Triangular silver nanoparticles ( approximately 100 nm wide and 50 nm high) have remarkable
optical properties. In particular, the peak extinction wavelength, lambda(max) of
their localized surface plasmon resonance (LSPR) spectrum is unexpectedly sensitive
to nanoparticle size, shape, and local ( approximately 10-30 nm) external dielectric
environment. This sensitivity of the LSPR lambda(max) to the nanoenvironment has allowed
us to develop a new class of nanoscale affinity biosensors. The essential characteristics
and operational principles of these LSPR nanobiosensors will be illustrated using
the well-studied biotin-streptavidin system. Exposure of biotin-functionalized Ag
nanotriangles to 100 nM streptavidin (SA) caused a 27.0 nm red-shift in the LSPR lambda(max).

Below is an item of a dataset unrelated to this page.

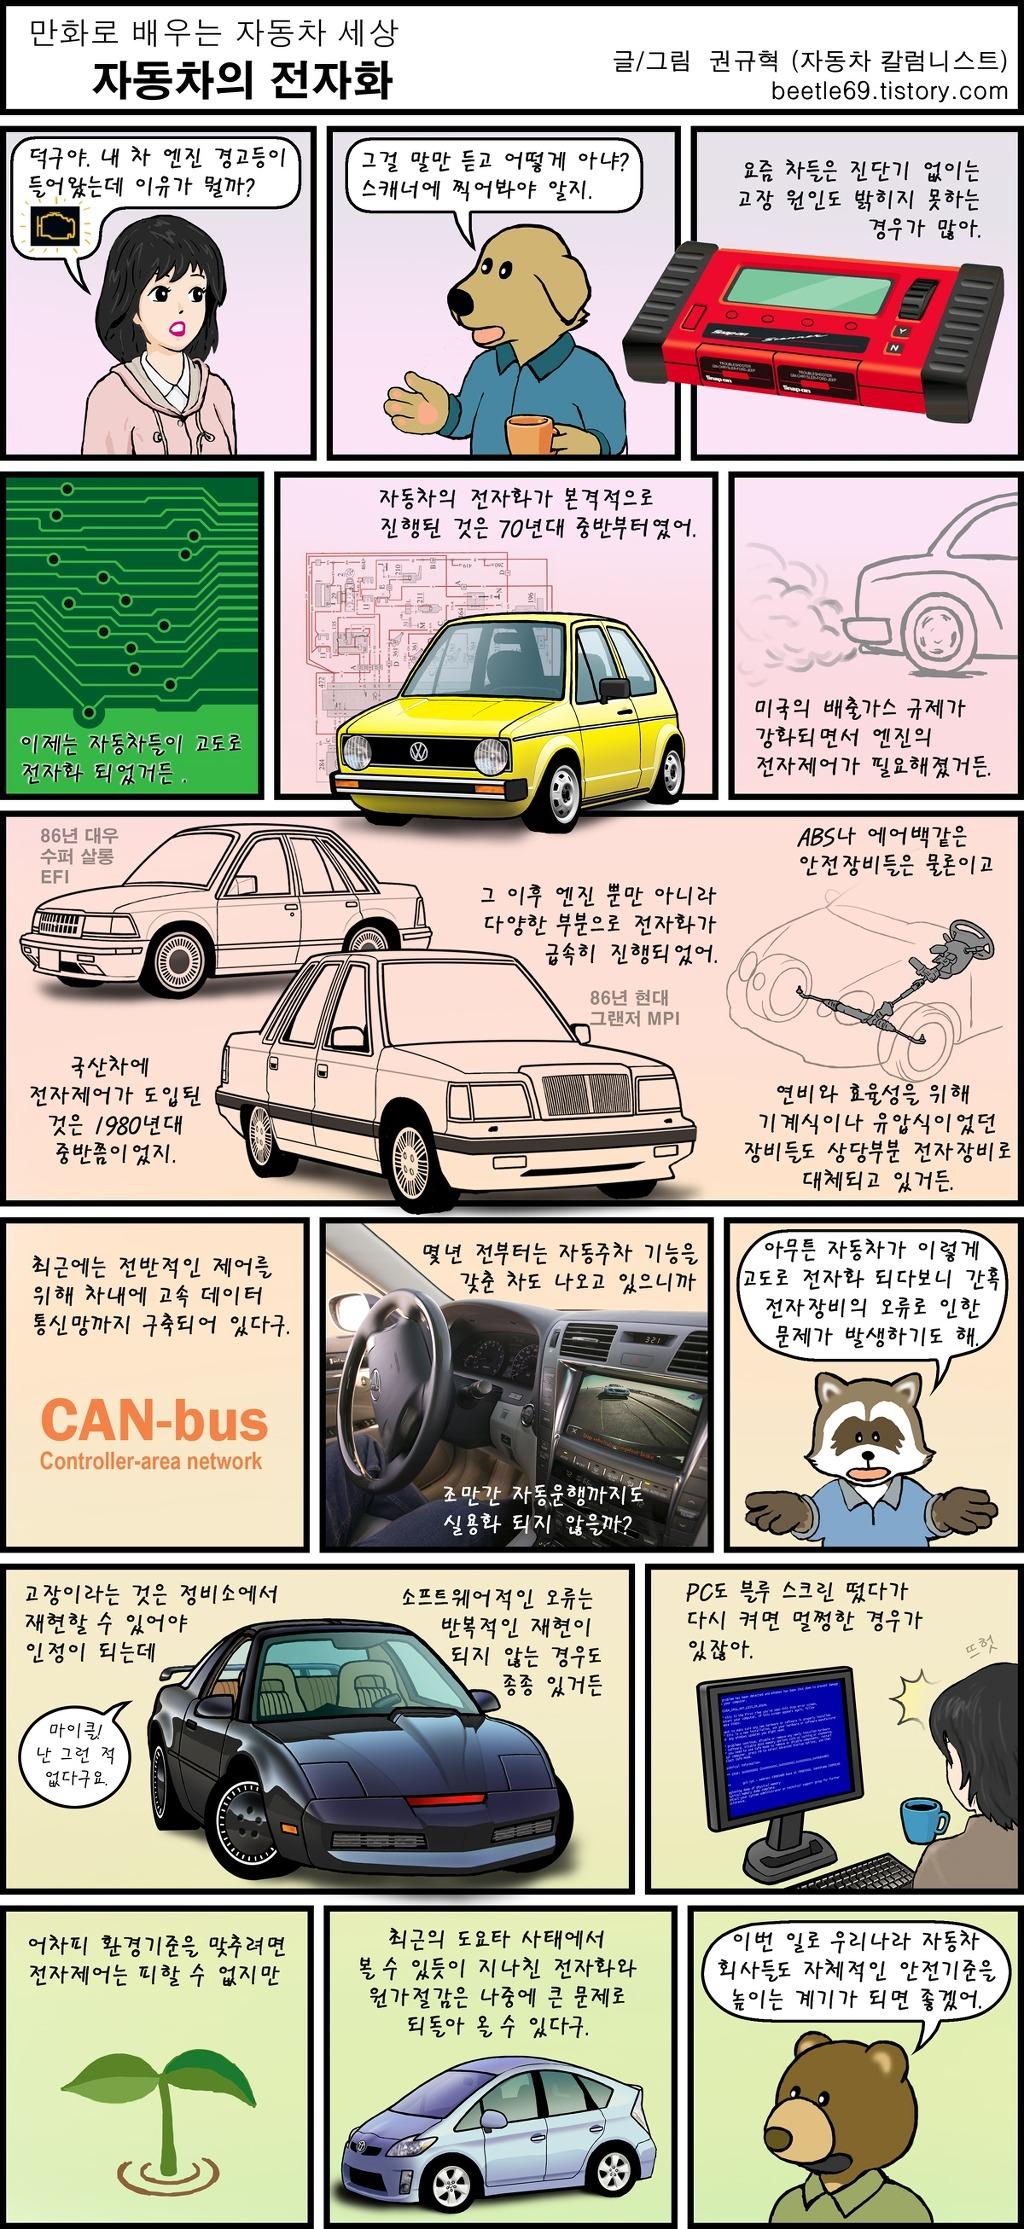 (자동차 만화) 자동차의 전자화

The LSPR lambda(max) shift, DeltaR/DeltaR(max), versus [SA] response curve was measured
over the concentration range 10(-)(15) M < [SA] < 10(-)(6) M. Comparison of the data
with the theoretical normalized response expected for 1:1 binding of a ligand to a
multivalent receptor with different sites but invariant affinities yielded approximate
values for the saturation response, DeltaR(max) = 26.5 nm, and the surface-confined
thermodynamic binding constant K(a,surf) = 10(11) M(-)(1). At present, the limit of
detection (LOD) for the LSPR nanobiosensor is found to be in the low-picomolar to
high-femtomolar region. A strategy to amplify the response of the LSPR nanobiosensor
using biotinylated Au colloids and thereby further improve the LOD is demonstrated.
Several control experiments were performed to define the LSPR nanobiosensor's response
to nonspecific binding as well as to demonstrate its response to the specific binding
of another protein. These include the following: (1) electrostatic binding of SA to
a nonbiotinylated surface, (2) nonspecific interactions of prebiotinylated SA to a
biotinylated surface, (3) nonspecific interactions of bovine serum albumin to a biotinylated
surface, and (4) specific binding of anti-biotin to a biotinylated surface. The LSPR
nanobiosensor provides a pathway to ultrasensitive biodetection experiments with extremely
simple, small, light, robust, low-cost instrumentation that will greatly facilitate
field-portable environmental or point-of-service medical diagnostic applications.